■ Task to complete ■
Exactly as they appear, retype the lines from the one containing "T-shirt bluzka krótki" through the final line of the data below. Leave pictures out.

■ Data below ■

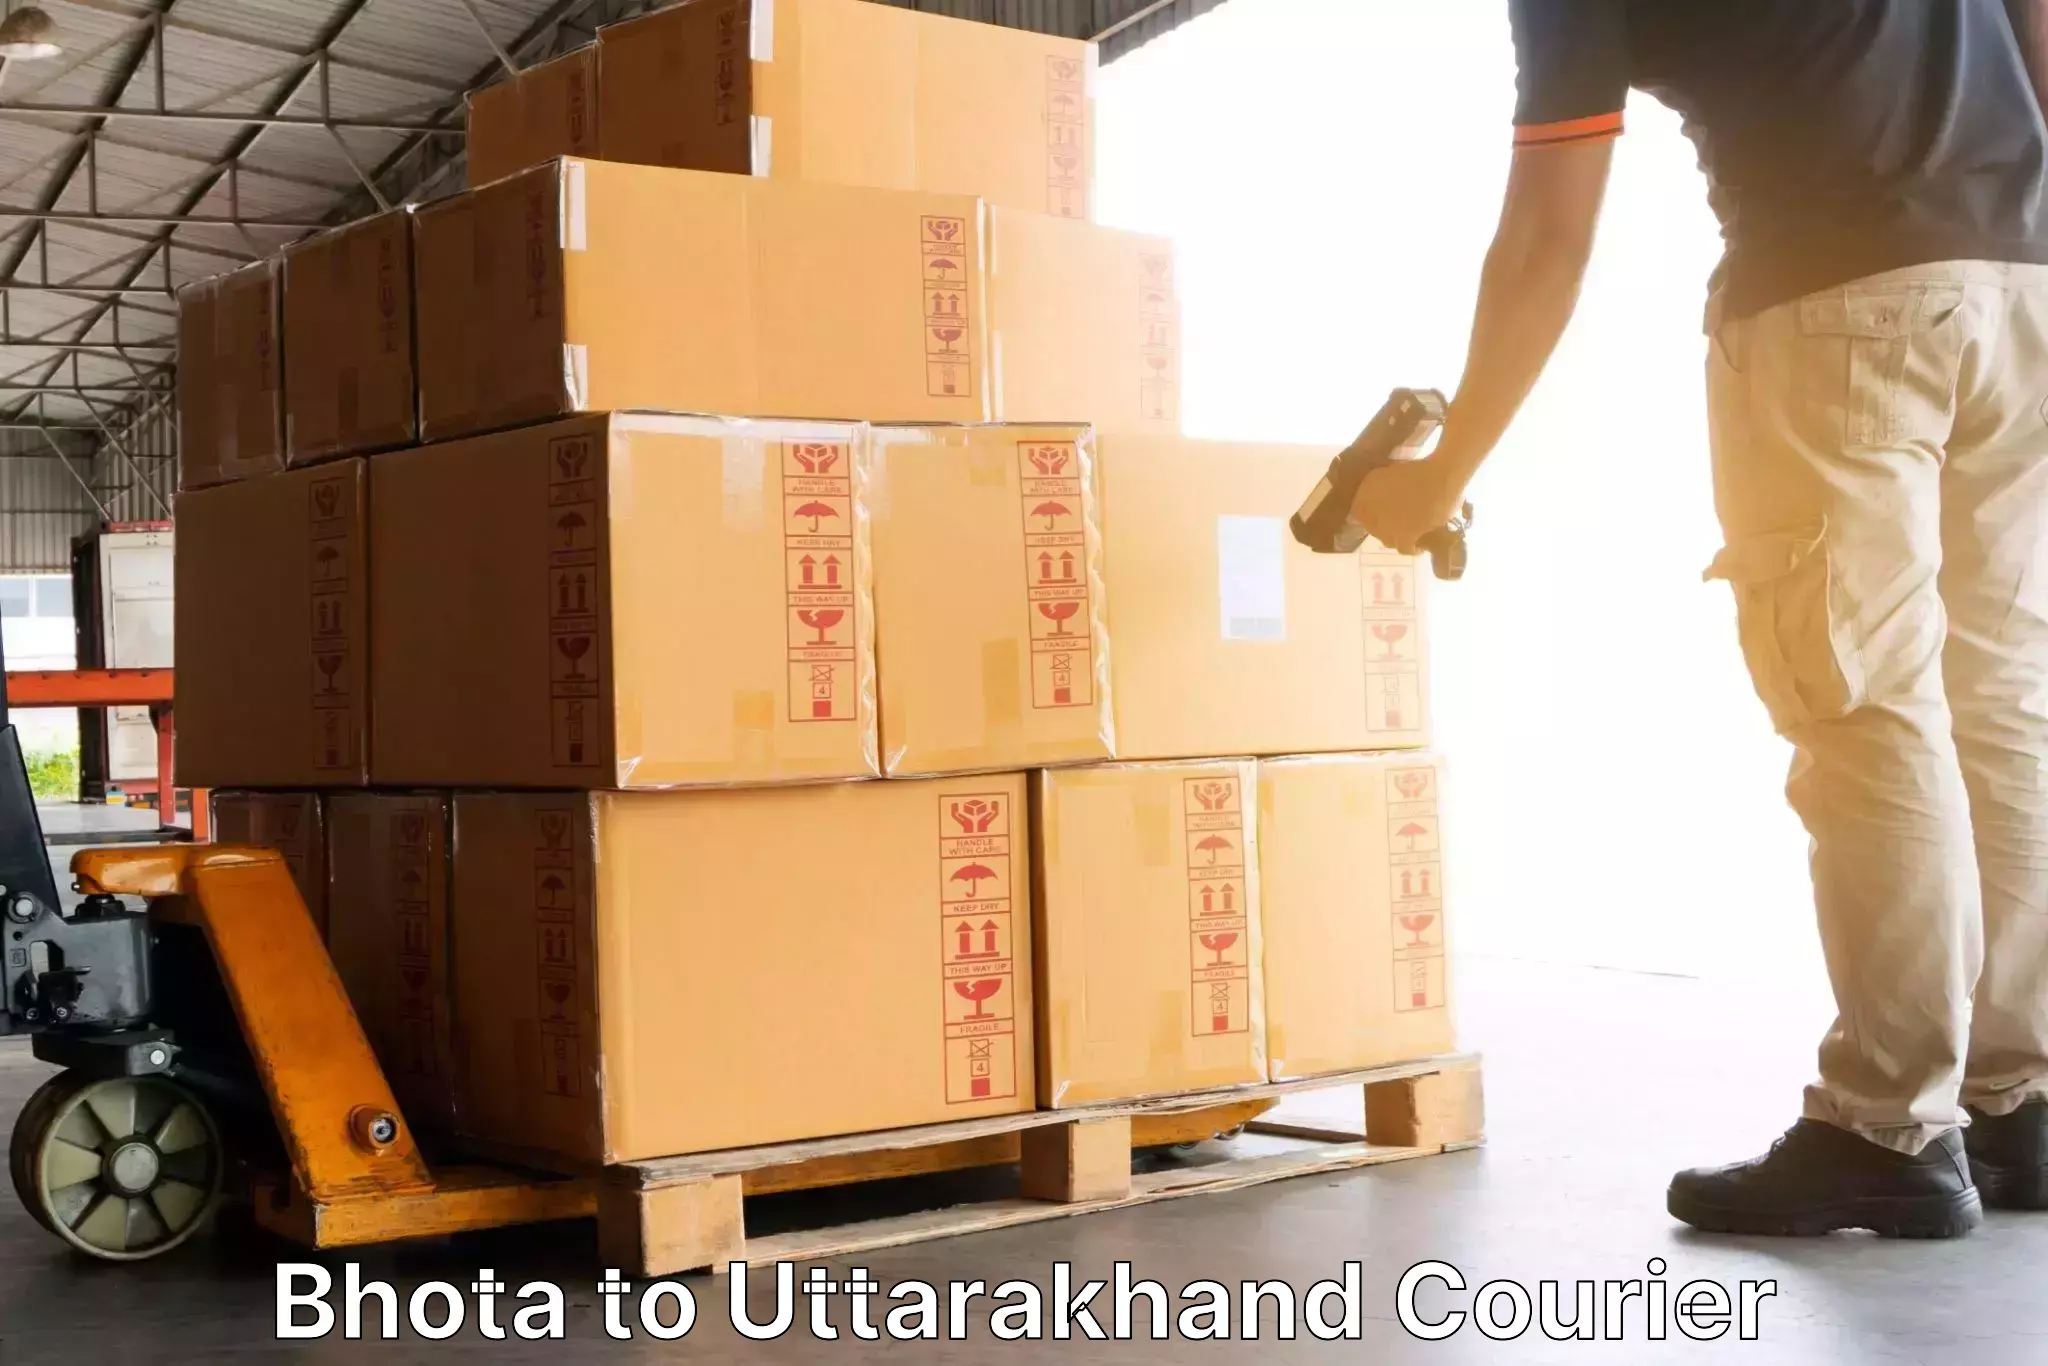 Expedited shipping methods Bhota to Uttarakhand
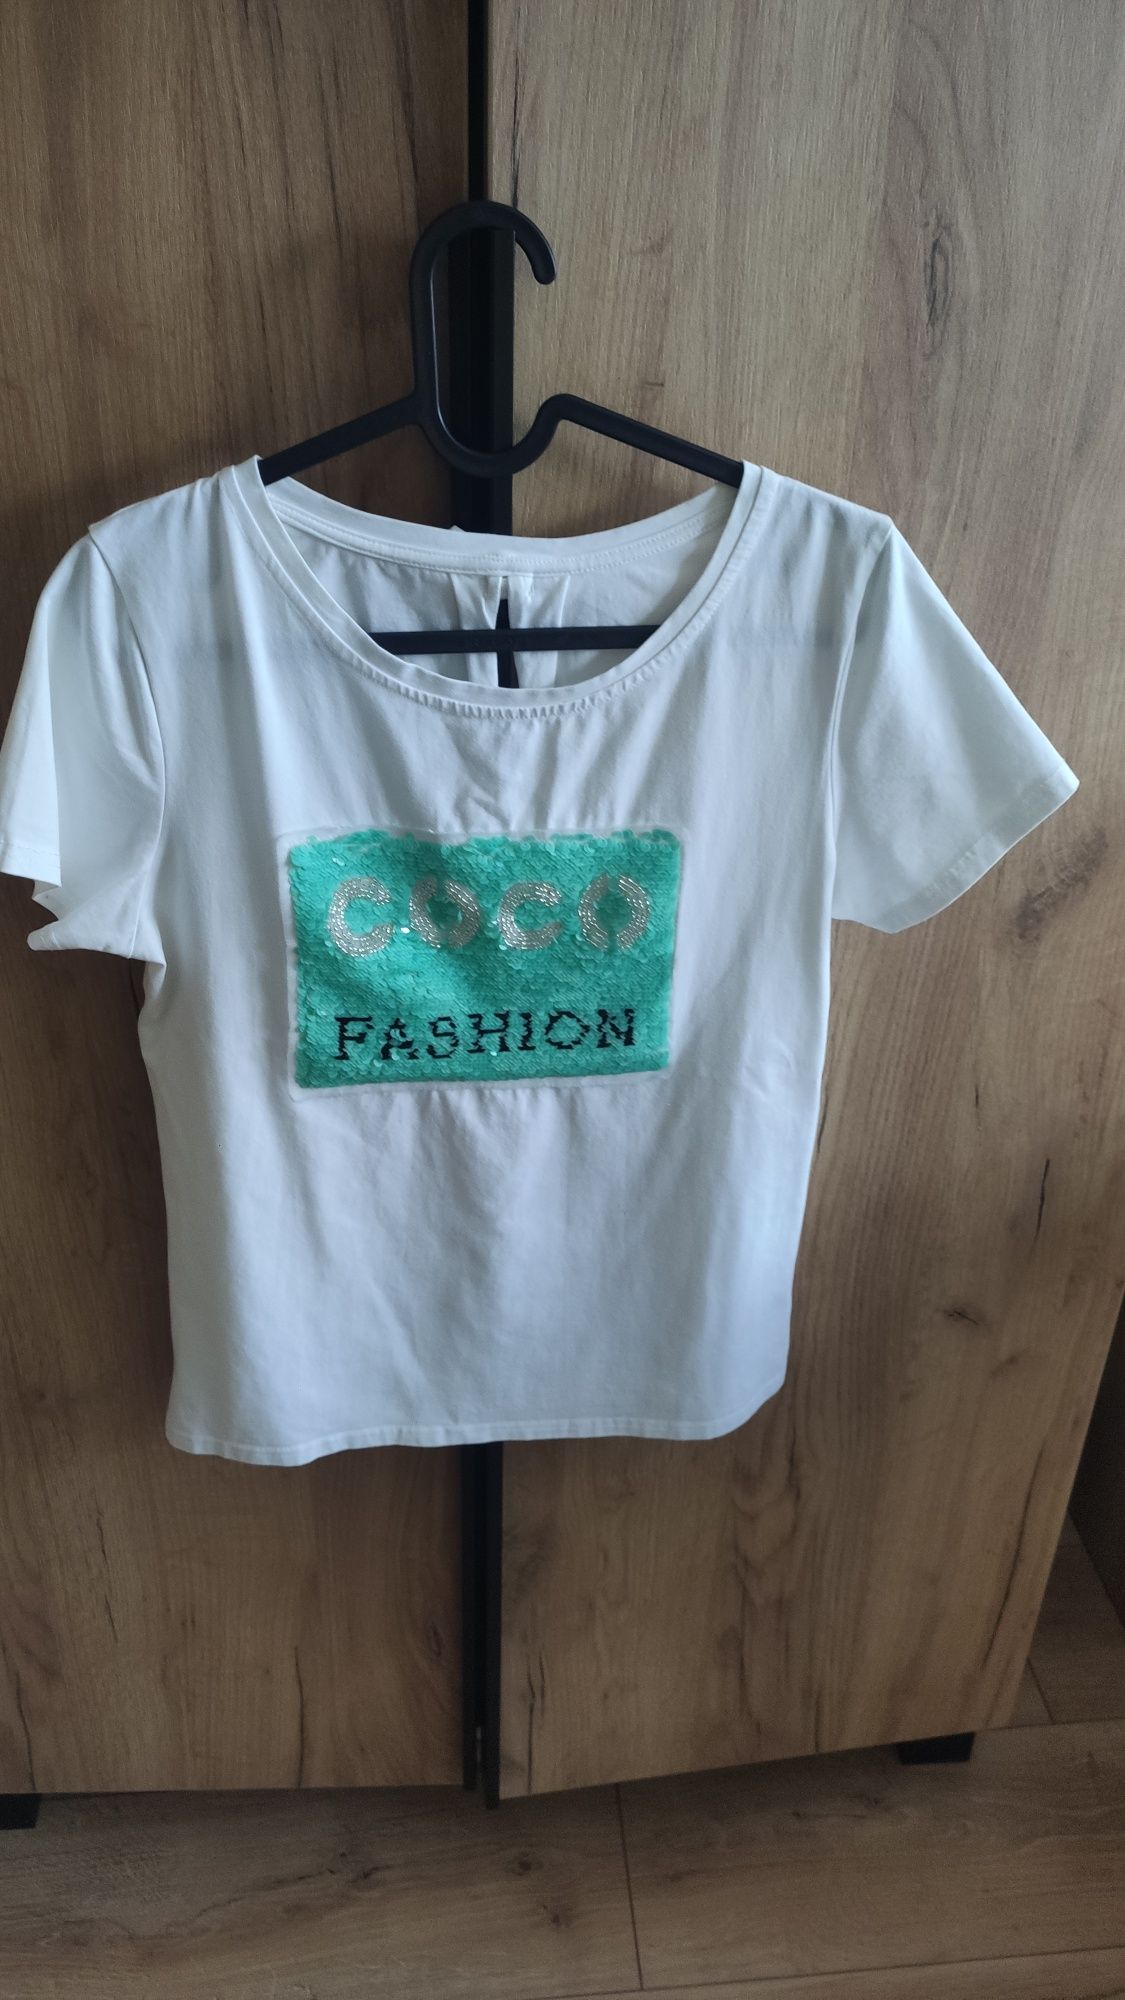 T-shirt bluzka krótki rękaw napis Coco biała rozmiar S-M
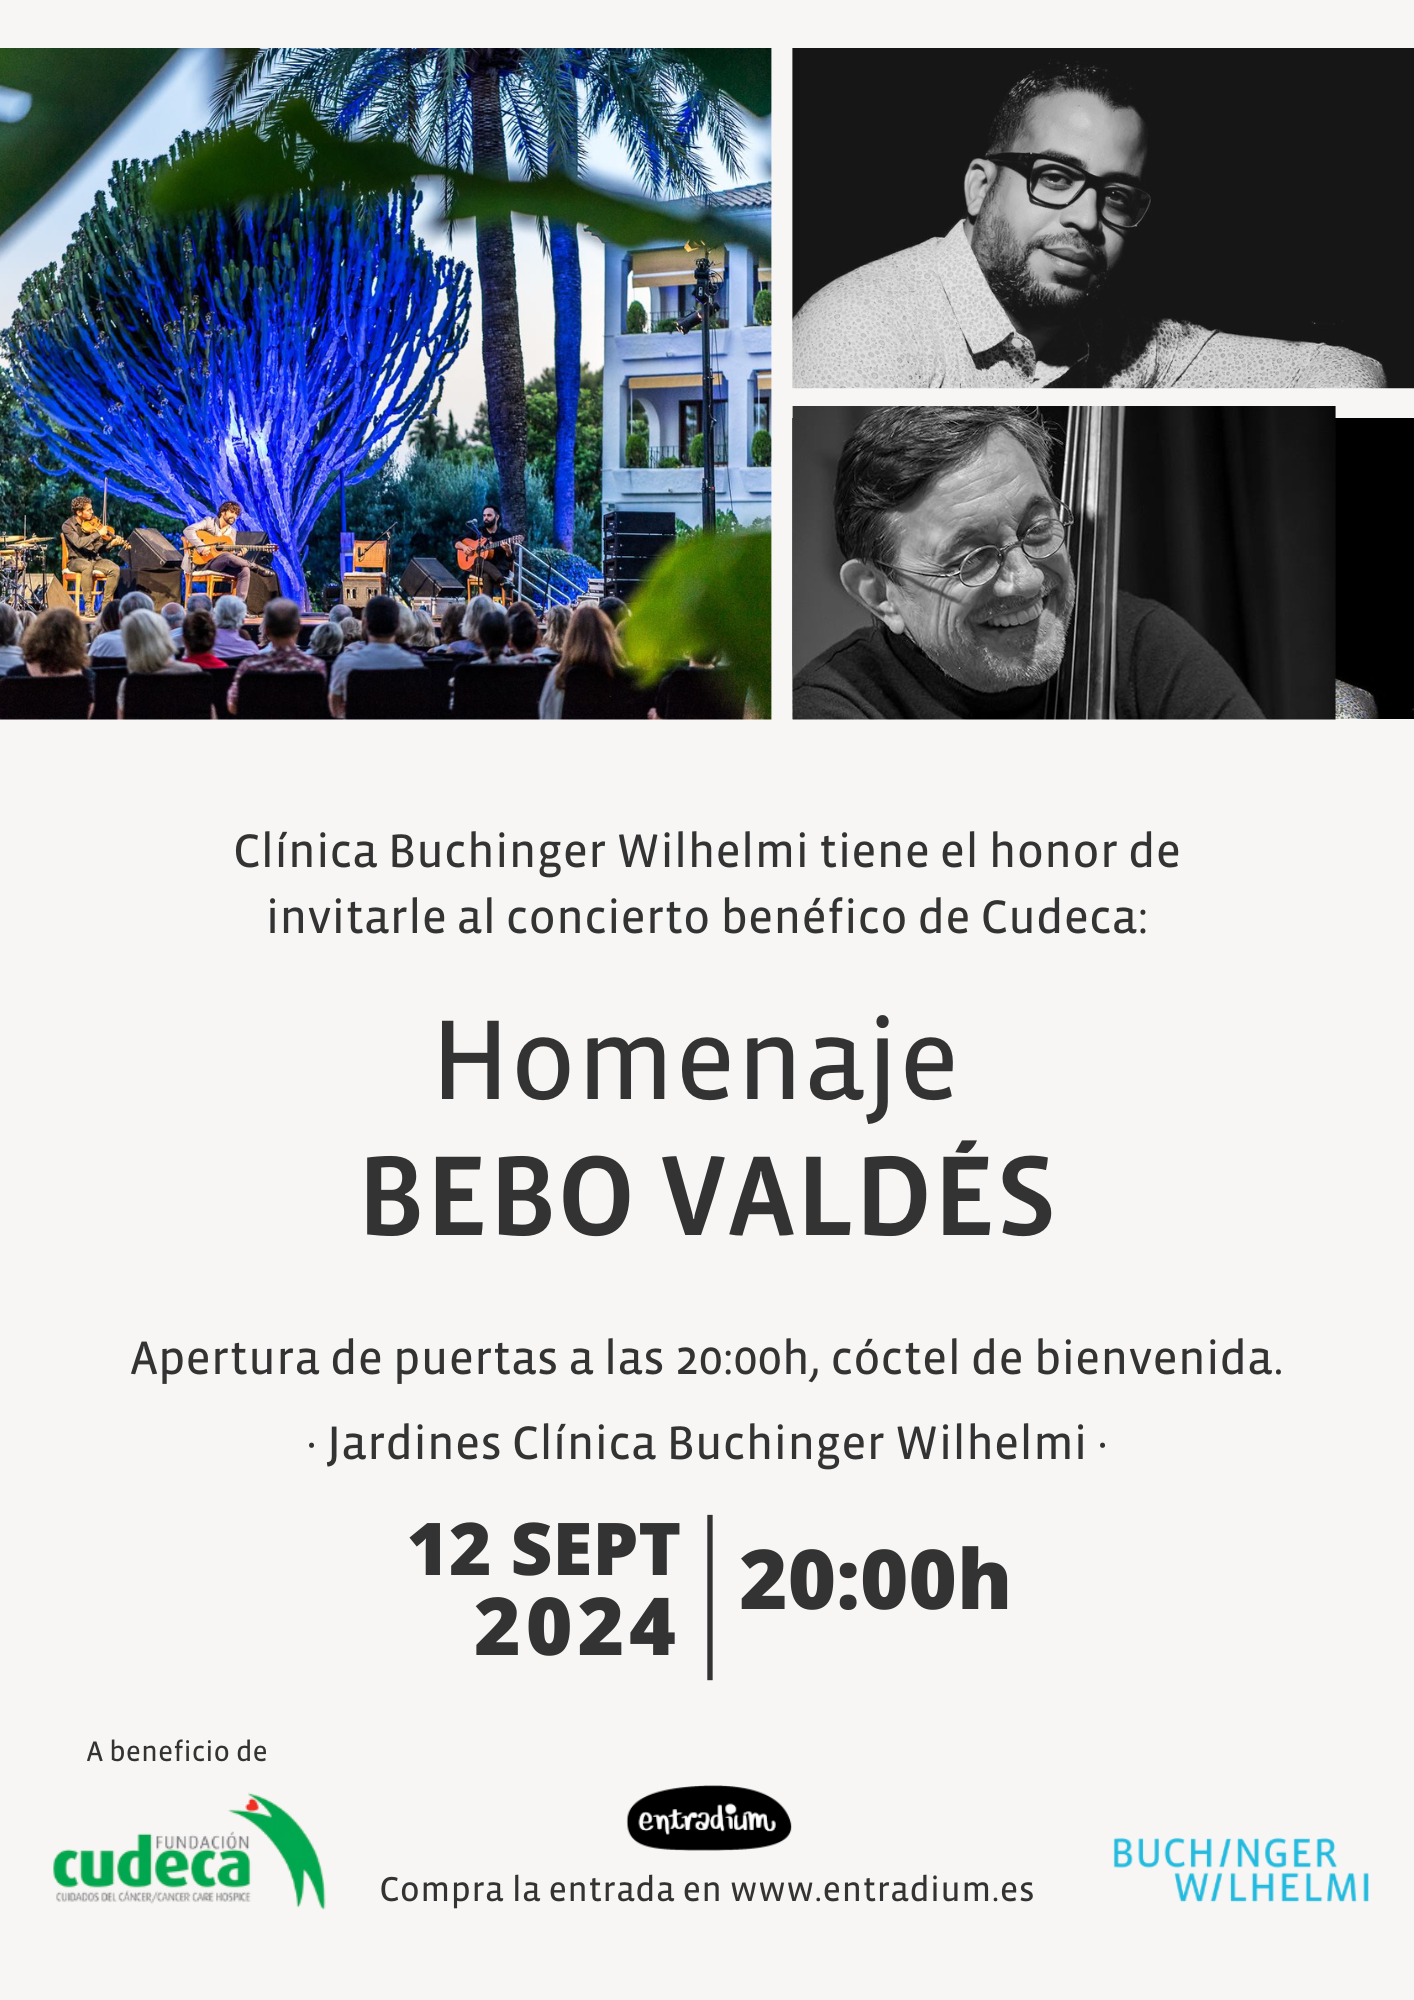 Homenaje a Bebo Valdés

■ Output of the task ■
 T-shirt bluzka krótki rękaw napis Coco biała rozmiar S-M
 Homenaje a Bebo Valdés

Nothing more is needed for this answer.